И на это Петраченков ответил тихо и устало:

— Иди, Степан, Иди. Одни они там… Вот товарищ с тобой пойдет.

Коршак не знал Кузнецовых и потому он не думал о них. Только одни очень важные слова жили в нем и гнали его по освещенной пожаром улице: «Пацаны там, старики Кузнецовых остались».

Парень впереди горбился, отворачивая лицо от пламени, и бежал, всхлипывая… Коршак не представлял себе лиц тех людей, которых бежал спасать. Он видел только Настю, ему казалось, что вот-вот из зарева пока еще, а не из огня возникнет ее красная кофточка.

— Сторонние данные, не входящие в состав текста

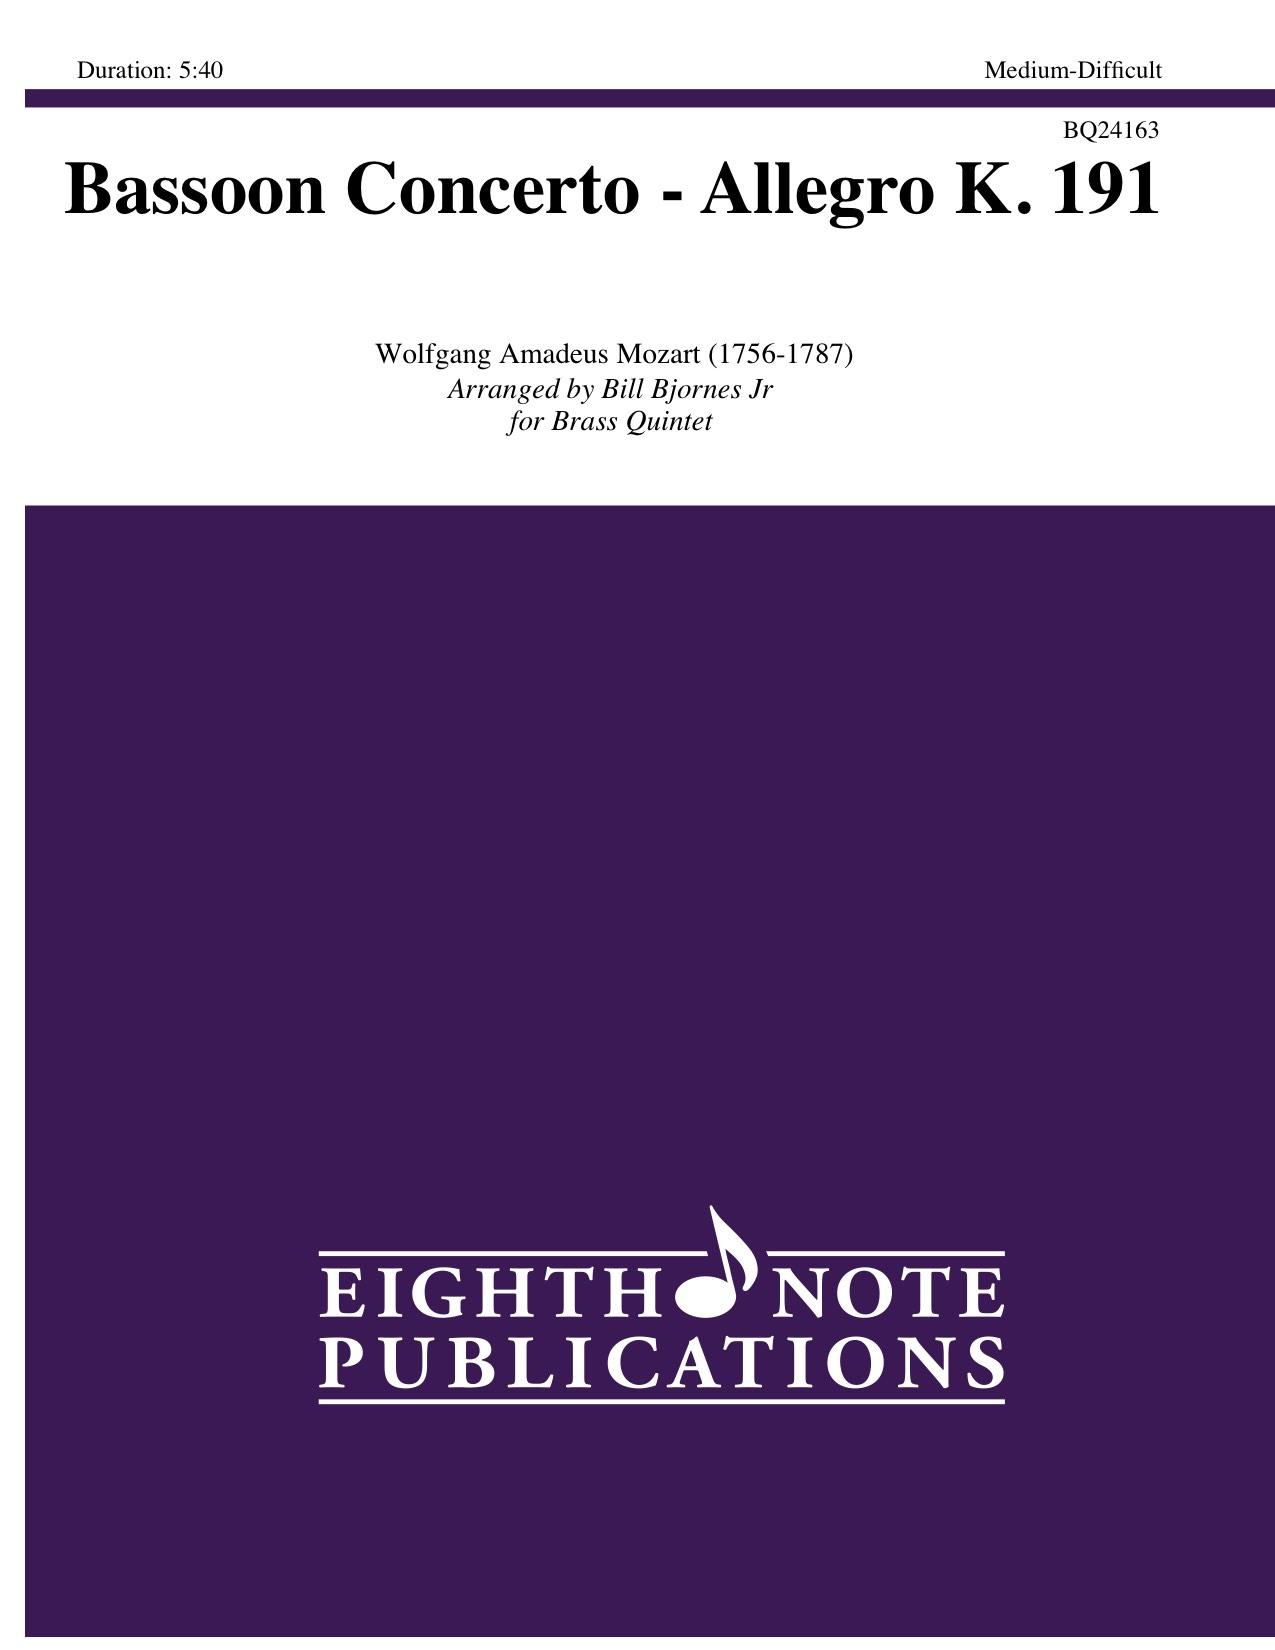 Bassoon Concerto - Allegro K. 191 - Wolfgang Amadeus Mozart

На одно только мгновение ему почудилось, что все это — сон, что он летит в машине Игнатова и заснул, и сейчас проснется: будет опять внизу дым, а впереди и выше — зеленое, невыносимо зеленое небо.

Там, впереди, куда они бежали, что-то загорелось, и ветер подхватил пламя — оно полилось ровным потоком через дорогу и уперлось сначала в изгородь, а потом взвилось над нею, над штабелем заготовленных на зиму дров, и из сумрака, словно вырезанный из светло-желтой фольги, возник дом. Его окна слепо сверкнули, посветились мгновение-другое, померкли — лопнули стекла. А пламя, как живое, ушло дальше. И второй дровяной штабель позади дома всосал огонь, и огонь поселился там, сверкая через неплотно прилегающие друг к другу поленья. Потом пробило поленницу насквозь огненными струями, как будто это вода, встретившая преграду на пути.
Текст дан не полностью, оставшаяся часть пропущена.